3/17/20

Sen. Udall, New Mexico moving to reduce plastic pollution

Japan recycles nearly 100% of her glass but the United Snakes has thousands of mountains of glass cullet from the municipal waste stream just waiting to be repurposed.

After my 1997 vision at Orman Dam, a quest for redemption overtook me. I pursued numerous concepts nearly simultaneously including a recycling initiative that would look much like Rapid City's Material Recovery Facility does today but would have been based in Lead where the mining infrastructure vacated by Homestake's closure would have been adapted. Metals, paper, plastics, glass, the whole schmear, but the Janklow administration, right?

It takes trucks, tub grinders and balers dedicated to specific materials on a regional scale.
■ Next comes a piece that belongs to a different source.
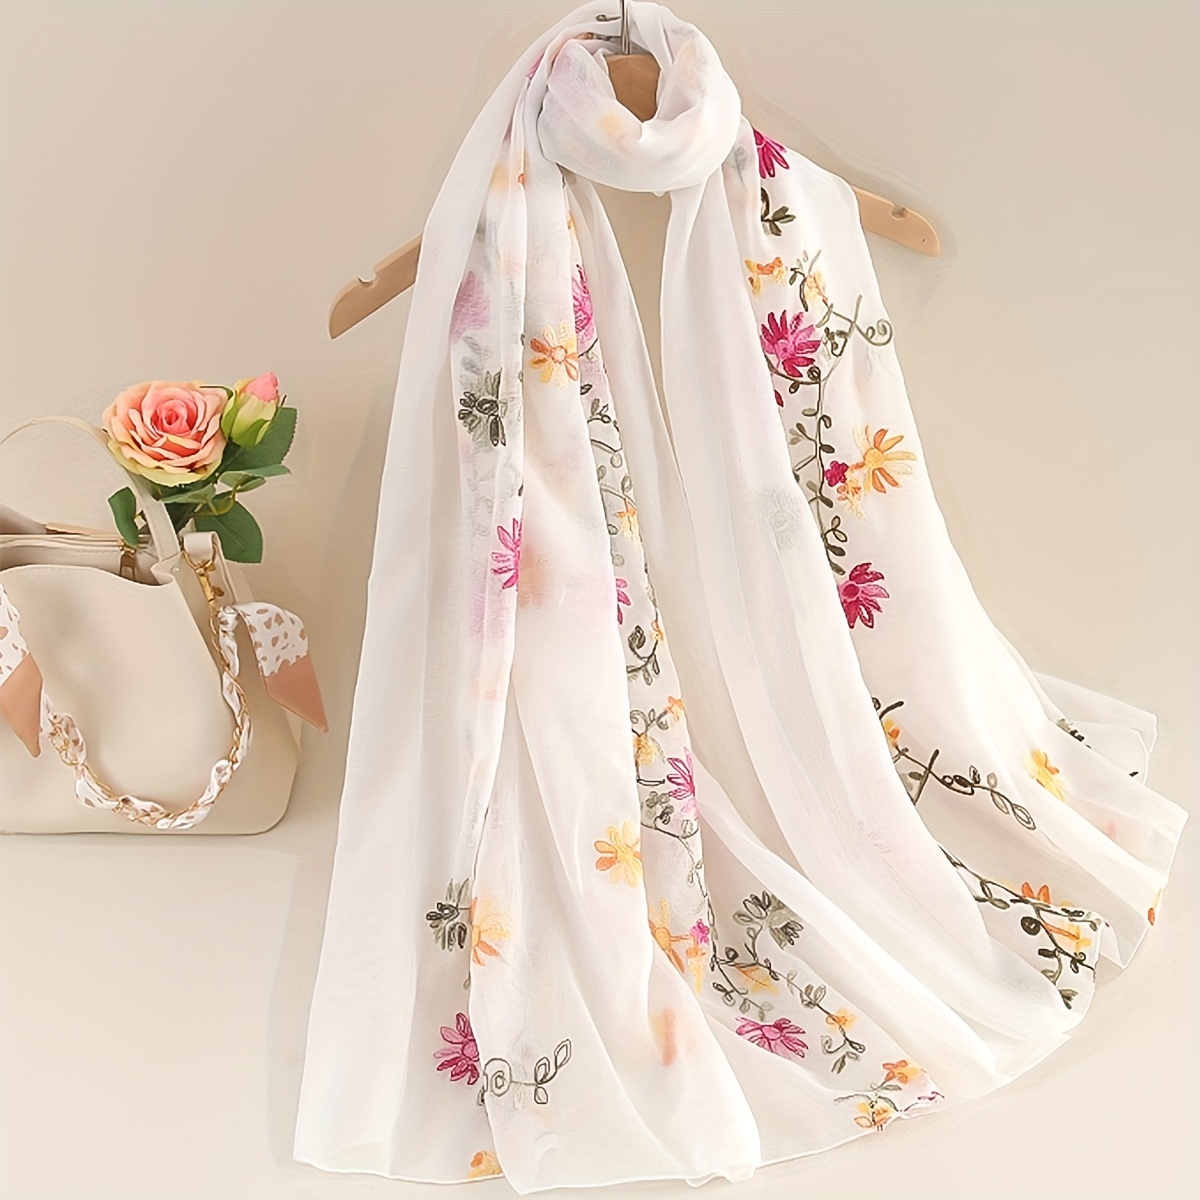 

Elegant Flower Embroidery Scarf Classic Solid Color Shawl Casual Bandana Windproof Head Wrap Hijab Travel Beach Towel

There should be a kitchen appliance that turns plastic packaging back into petroleum for use as a stove fuel. We sell millions of tons of salvage material to India and Asia to be recycled while tearing up our own ground mining for virgin minerals while steel, and plastics that could be fuel or added to asphalt, are buried in landfills.

In my home state of South Dakota the Socialist People's Republic of Brookings began the process of banning single-use plastic bags since at least 2016. In Canada, Goodwood Plastic Products Ltd. harvests shopping bags, food containers and peanut butter jars from the municipal waste stream then turns that material into synthetic lumber, wharf timbers, guardrail posts and agricultural posts. Sweden and the European Union generate electricity through waste-to-energy technology at some four hundred sites but here in the US there are only 77 such generators. In 1997 I tried to get Rapid City to build a waste-to-energy facility to do this and now its landfill is out of space. In 2011 I lobbied Huron, South Dakota to build a recycling hub.
Sen. Tom Udall is focusing attention on one of the biggest problems of our time — curbing plastic pollution around the globe. His proposed legislation, the Break Free From Plastic Pollution Act of 2020, is designed to go beyond individual action and put the muscle of the federal government behind finding solutions to this scourge. With House co-sponsor Rep. Alan Lowenthal, D-Calif., the legislation seeks to move responsibility for solving the plastic crisis from individuals to the producers of such products. Santa Fe has banned single-use plastic bags. In fact, less than 8 percent of U.S. plastic waste is actually recycled. [Santa Fe New Mexican]
Photo: glass sculpture at Tinkertown Museum near Sandia Park, New Mexico.